LEFT OUTER JOIN "app_comment" ON ("app_post"."id" = "app_comment"."post_id") 
INNER JOIN "app_comment" T3 ON ("app_comment"."post_id" = T3."post_id") 
WHERE T3."text" = 'hi'
GROUP BY "app_post"."id", "app_post"."title";

You can draw the tables for yourself to see it. Now let's reverse their order:

Post.objects.filter(comment__text='hi').annotate(num_comments=models.Count('comment'))

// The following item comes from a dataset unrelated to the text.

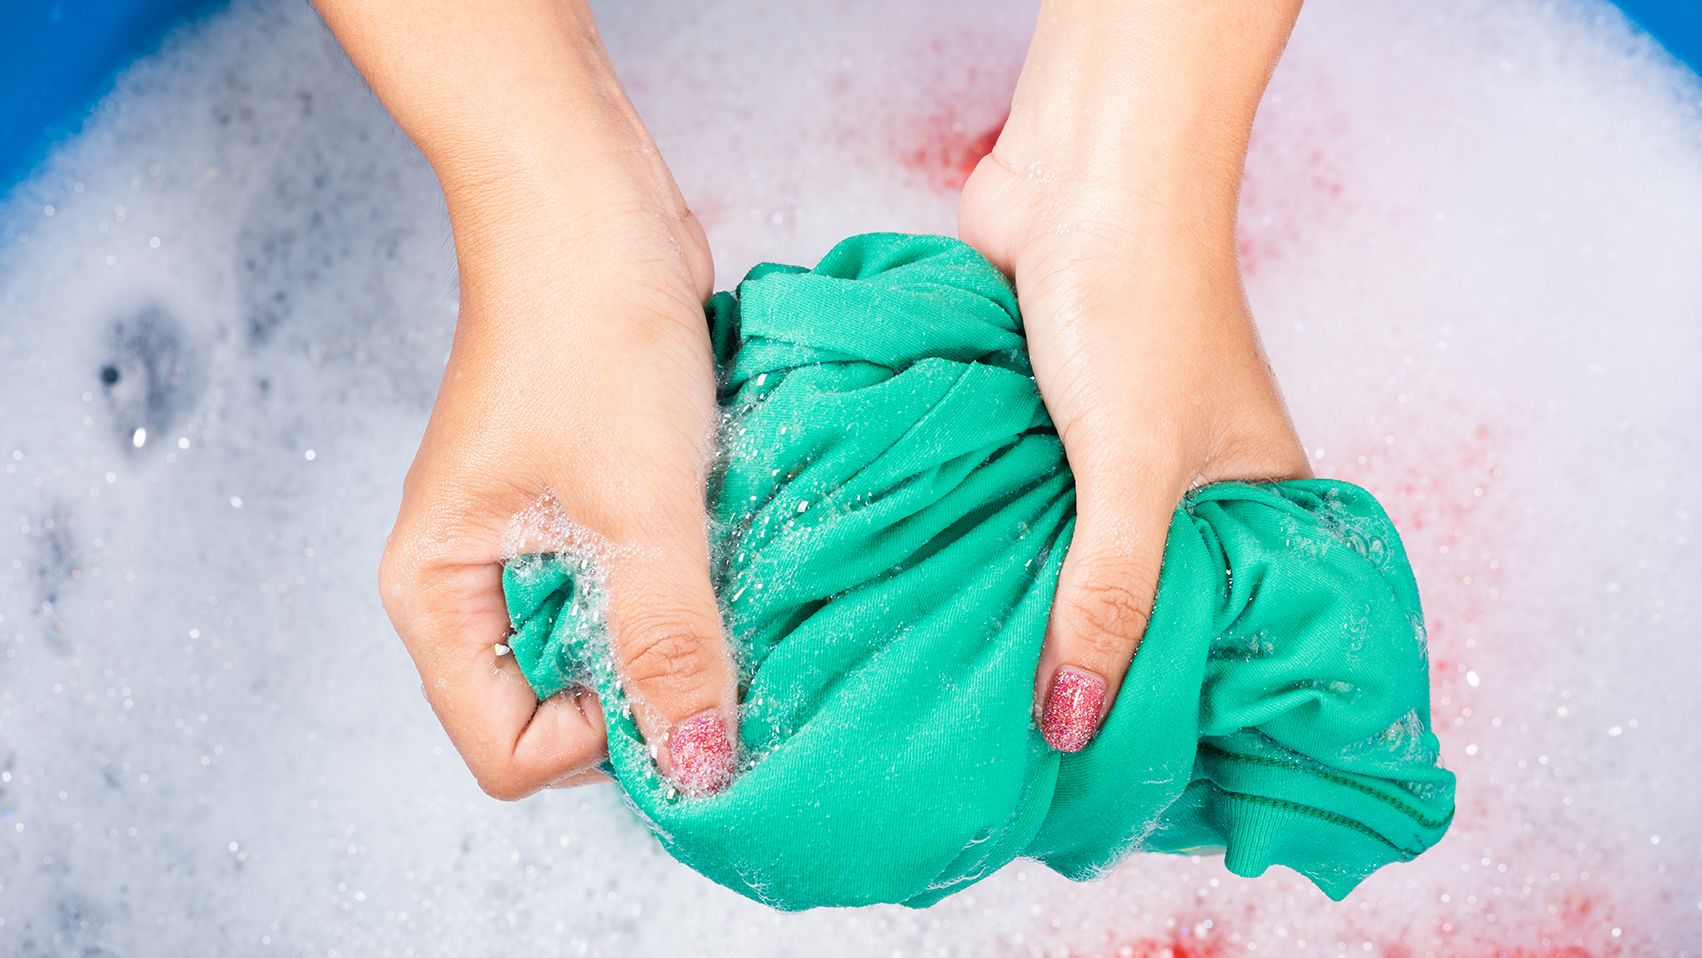 How to Hand-Wash Clothes—And When You Actually Need To

Again, from the perspective of intuition, the developer has used filter first, so they expect that the results are first filtered to only include that posts that have at least one comment with text "hi", and then count the number of comments on each post, which would be the number of comments whose text is "hi". In order to achieve this, a single INNER JOIN is enough, because both operations can use the same joined part:

SELECT "app_post"."id", "app_post"."title", COUNT("app_comment"."id") AS "num_comments"
FROM "app_post"
INNER JOIN "app_comment" ON ("app_post"."id" = "app_comment"."post_id")
WHERE "app_comment"."text" = 'hi'
GROUP BY "app_post"."id", "app_post"."title";

Finally, I'll show the example I promised in the previous section. Let's say we want to get all the posts that have at least 3 comments with each of them having at least one like reaction. Since we want the number of comments for each post, we cannot join to the comment reaction table, because that would cause duplication for each comment. So, we'll use a subquery that retrieves all the comments of each post that have at least one like reaction, and filter the rows so that the comments are only from the subquery:

Post.objects.annotate(total_comments=models.Count('*')).filter(
    comment__in=models.Subquery(
        Comment.objects.filter(
            post=models.OuterRef('id'),
            commentreaction__emoji='L'
        ).only('id')
    ),

    total_comments__gte=3
)

In this case, there is no difference between using models.Count('*') and models.Count('comment') in terms of joins, because the filter that comes after it causes a join to the comment table anyway; however, as we discussed above, if we use models.Count('comment') but annotate() comes before filter(), then we wouldn't get the right result, because Django would make a separate join to the comment table to count all the comments, rather than only those that pass the filter. So, one can still use models.Count('comment') in the above code as well (which is unnecessary), but they would have to switch the places of annotate() and filter(). But total_comments is a value that is introduced by annotate(), so we cannot use it before annotate(). Thus, we have to add another filter() after annotate() that does the filter on total_comments. This doesn't cause a problem for filter()/annotate() order, because the filter() that uses the to-many relation comment still comes before the annotate() that uses it:

Post.objects.filter(
    comment__in=models.Subquery(
        Comment.objects.filter(
            post=models.OuterRef('id'),
            commentreaction__emoji='L'
        ).only('id')
    ),
).annotate(total_comments=models.Count('*')).filter(
    total_comments__gte=3
)

Phew!

Finally ...

What is the point of this heck ton of details? I think it's worth going through at least once. You don't really need to remember all of this. What you need to be able to do is inferring these based on the code, its query and Django's docs. If you want to see the query of a queryset, simply use the query attribute on it:

print(Post.objects.filter(title='Post 1').query)

Sorry if my language gets repetitive in certain points, but I think when it comes to technical details, repetitive language is better than ambiguous language. That's why you might see some words being overused.